それを見て殿下がほっとした表情をしかけたけれど、急に下の方を見て驚いた表情になった。
「シビル嬢、ドレスが……」
「ドレス? ……!?」
わたくしは殿下の視線を追い、絶句した。
立ち上がった拍子に持っていたドリンクをこぼしたようで、あたりにドリンクが飛び散っている。
わたくしのドレスにも、当然ひっかかっている。
なんてこと! せっかく新調したドレスをさっそく汚すなんて……しかも殿下の前で!
「もっ、申し訳ありません、お見苦しくて……」
「いえ! 僕が急に声をかけたからですよね……」
ああ、オズワルド殿下の表情が見るまに曇っていく。
あんなに笑顔が素晴らしかったオズワルド殿下なのに、こんな表情をさせてしまうとは……。
いえ、ここでうろたえては悪役令嬢の名折れね! こういう時こそバンと構えて見せるわ!
「違いますわ殿下。これはわたくしの不注意です。
わたくしが他人に自分の不始末を押し付けるような女性に見えまして?」
わたくしは仁王立ちのポーズをとった。悪役令嬢よろしく髪をファサッとかきあげながら強気に言い放つ。
「い、いえ、そんなことは」
「まあ、良かったですわ。そんな評価を頂いていたら恥ずかしいですもの。
それに、これくらいの汚れなら、ドレスを……洗えばいいだけですわ!」
どうかしら、この悪役令嬢っぷり!
いかに前世の記憶があろうとも、悪役令嬢を見事に演じて見せますわ!
「……お嬢様、そこは『こんなもの捨てて買い替えれば』などと発言して、財力アピールと普段からの無駄遣いを匂わせるところでは」
「ハッ……!」
ルチアがそっと耳打ちしてくれて気付いた。
しまった。物持ちのよさをアピールしてしまったわ……!
「……ふふっ」
オズワルド殿下の方からそんな声がした。思わず顔をあげると、オズワルド殿下が――笑っている。
さっきまでとは違う、年齢相応の子供っぽい微笑みだ。
――『王子様』がふと見せる素の微笑みって、さらに破壊力が高い……!
目の前がクラクラしたように感じて、慌ててぎゅっと目をつぶった。
危ない危ない、わたくしは所詮悪役令嬢。彼を攻略するのはマリベルたんなのだから、キュンキュンしている場合ではないわ。
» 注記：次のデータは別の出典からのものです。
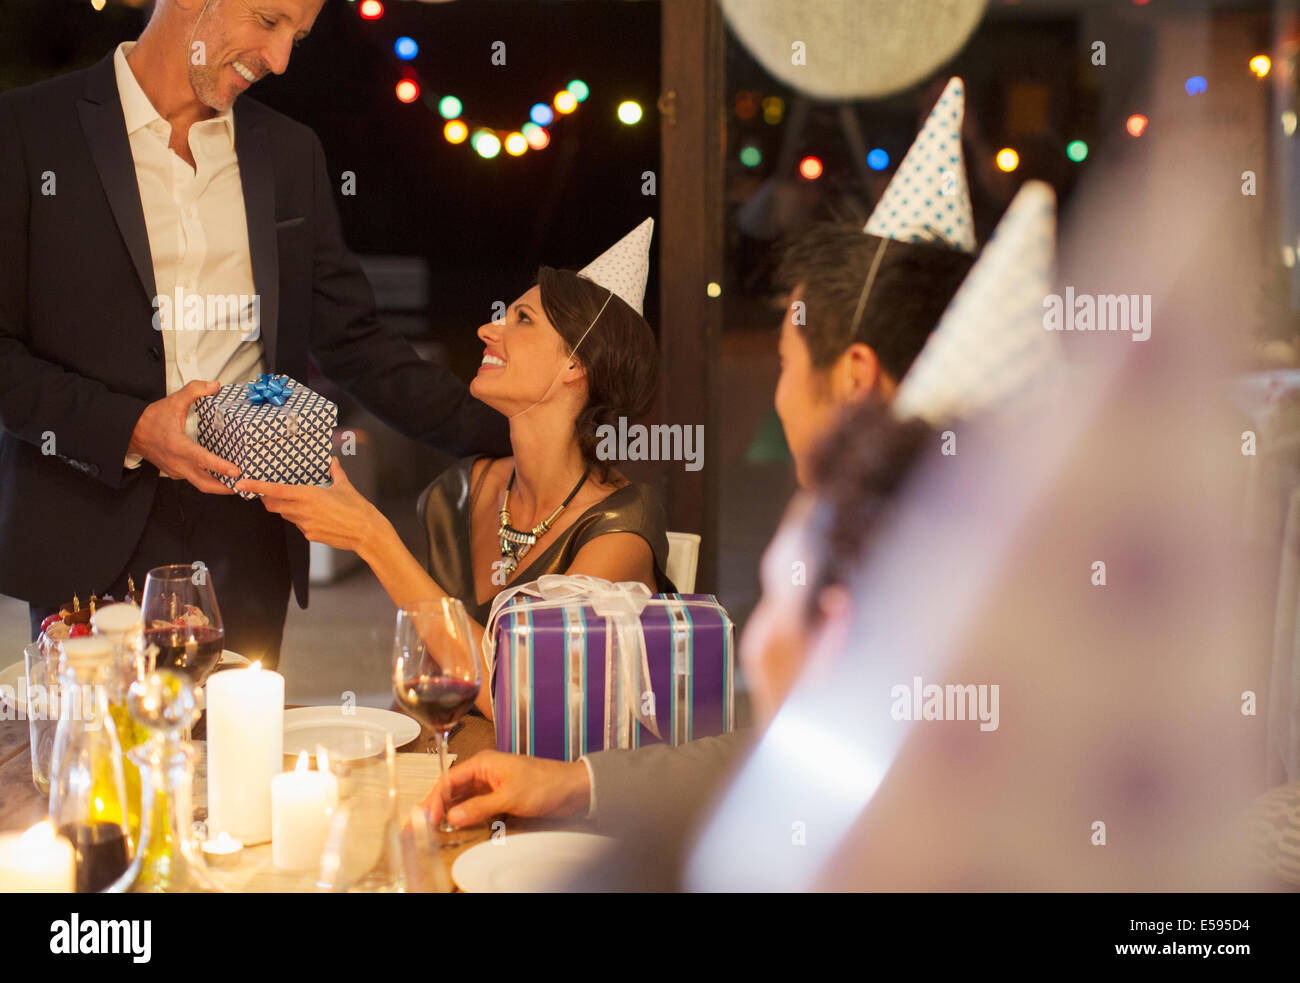 Man giving present at Birthday party Banque D'Images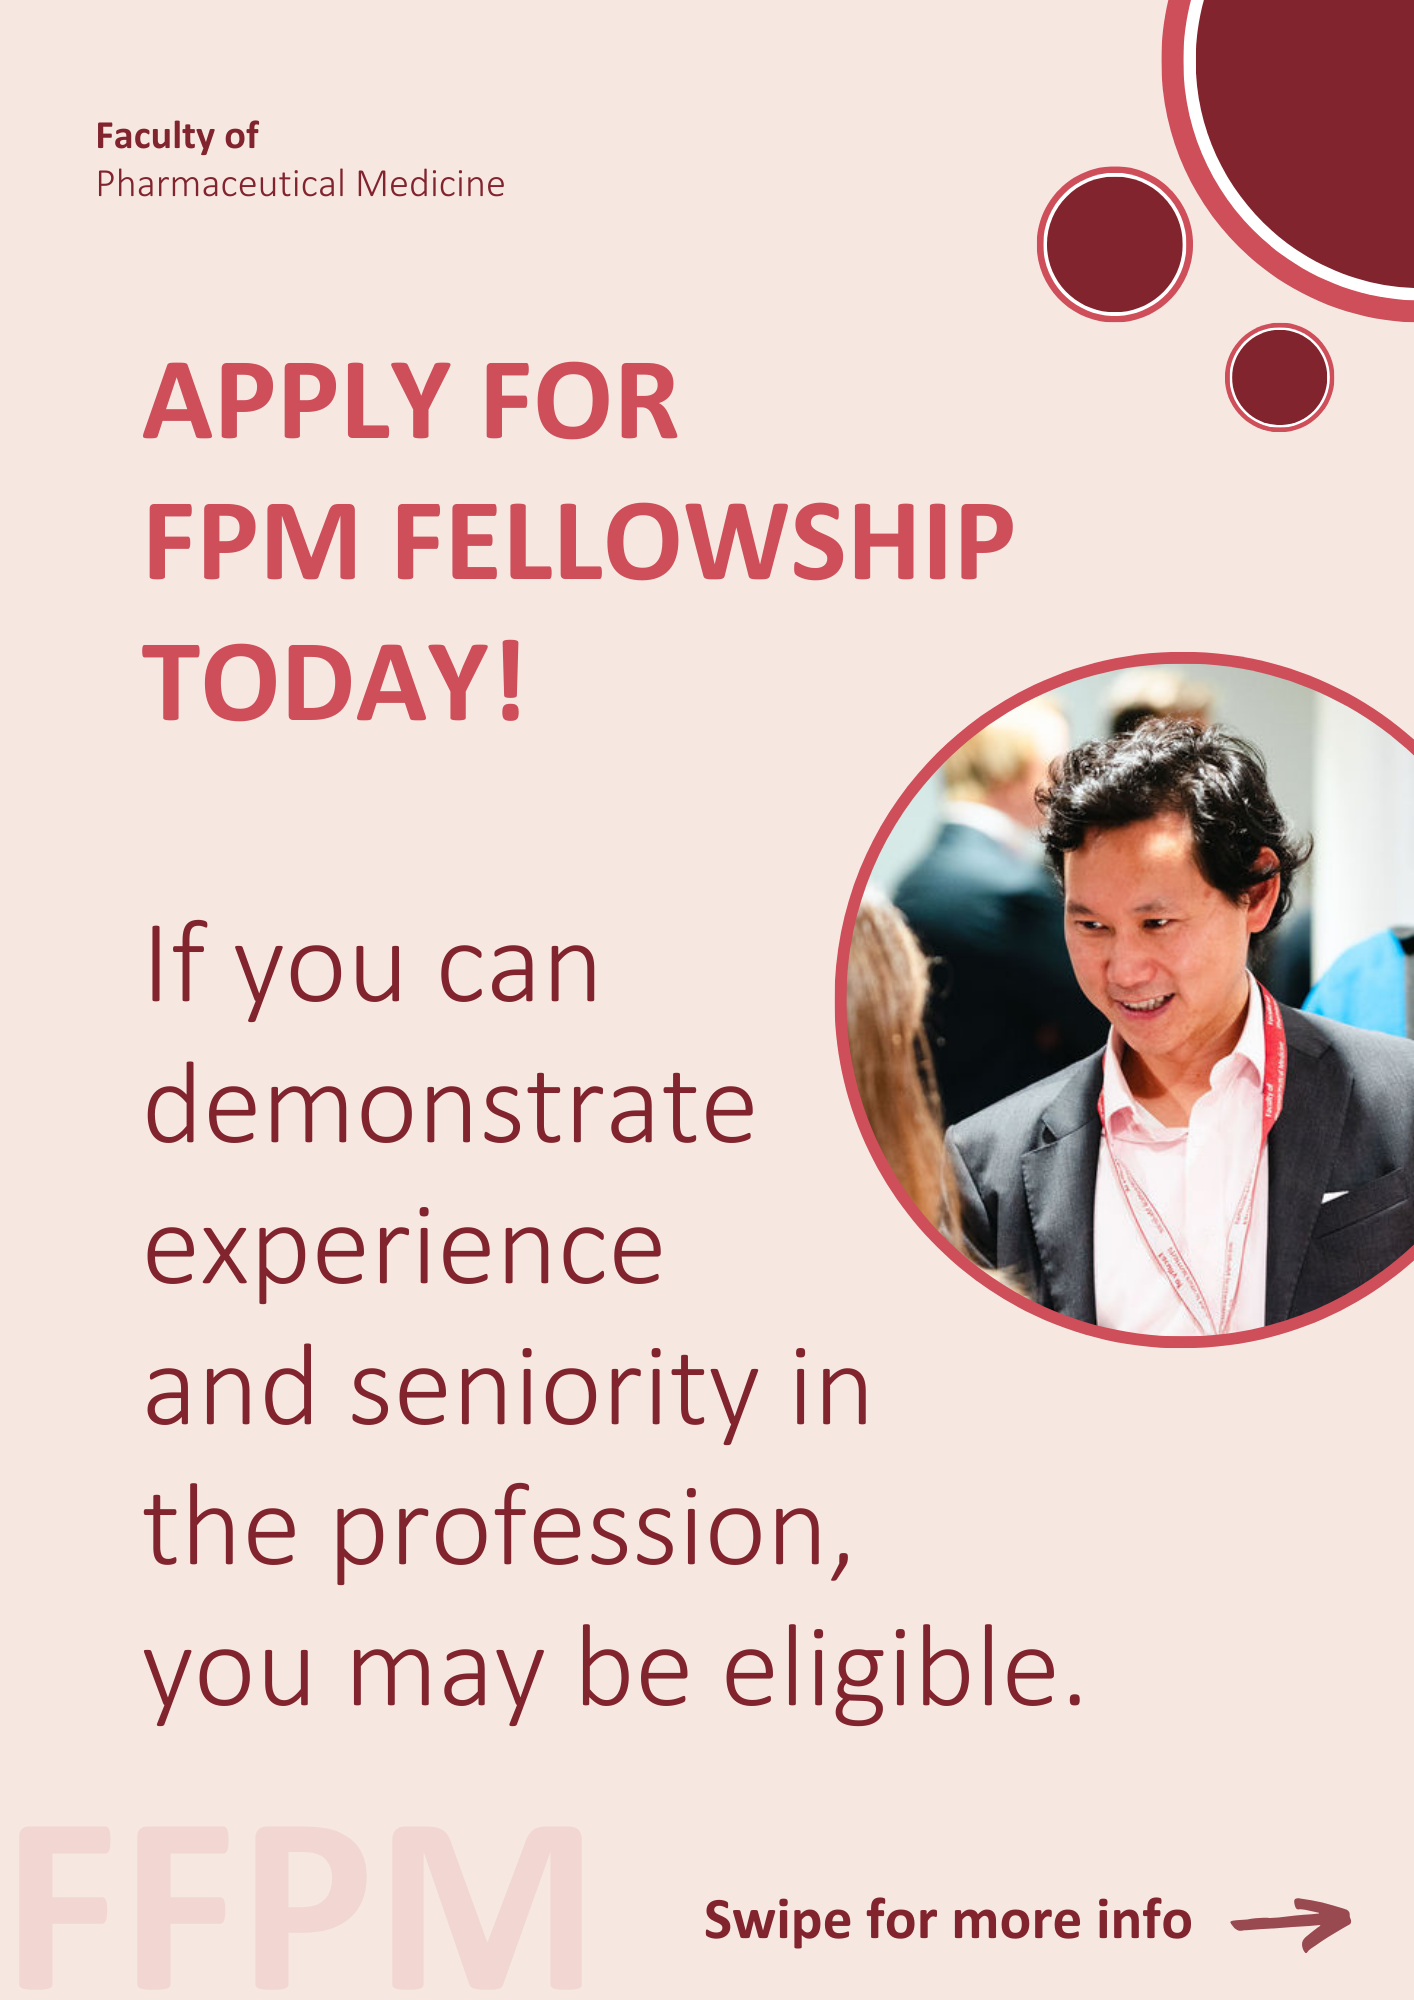 Apply for FPM Fellowship Today! If you can demonstrate experience and seniority in the profession, you may be eligible.

「あ、失礼……思っていた方と印象が違うようでしたので、つい。
シビル嬢のお心遣い、感謝いたします」
オズワルド殿下はその微笑みのままわたくしに真っ直ぐ向き直った。
まっ、眩しいわ! 動悸が止まらない!
もう心臓が持たない。引き際も肝心よ、わたくし……!
「いえっ、こちらこそ、お気遣いありがとうございます。
えーっと……このようなお見苦しい姿でいるわけには参りませんし、わたくしはここで失礼させて頂きますわっ!」
「ですが、シビル嬢……」
オズワルド殿下がなにか言おうとしたとき、パーティー会場の真ん中がわっと賑やかになった。クラレンスが何かを案内しているようだ。
「……お集まりの皆様、ご注目ください。
只今より本日の特別ゲストからご挨拶を頂きます……」
漏れ聞こえる言葉を察するに、殿下から会場に向けて一言頂こうということなのだろう。
「お呼びのようですし、またお邪魔するわけにもいきませんわ。
今日はありがとうございました、オズワルド殿下。
それではごきげんよう、オズワルド殿下」
わたくしは微笑みかけてお辞儀をする。
「……はい。
また、お会いしましょう」
オズワルド殿下は最後の最後に、とびっきりの王子様オーラと共に微笑んでくれた。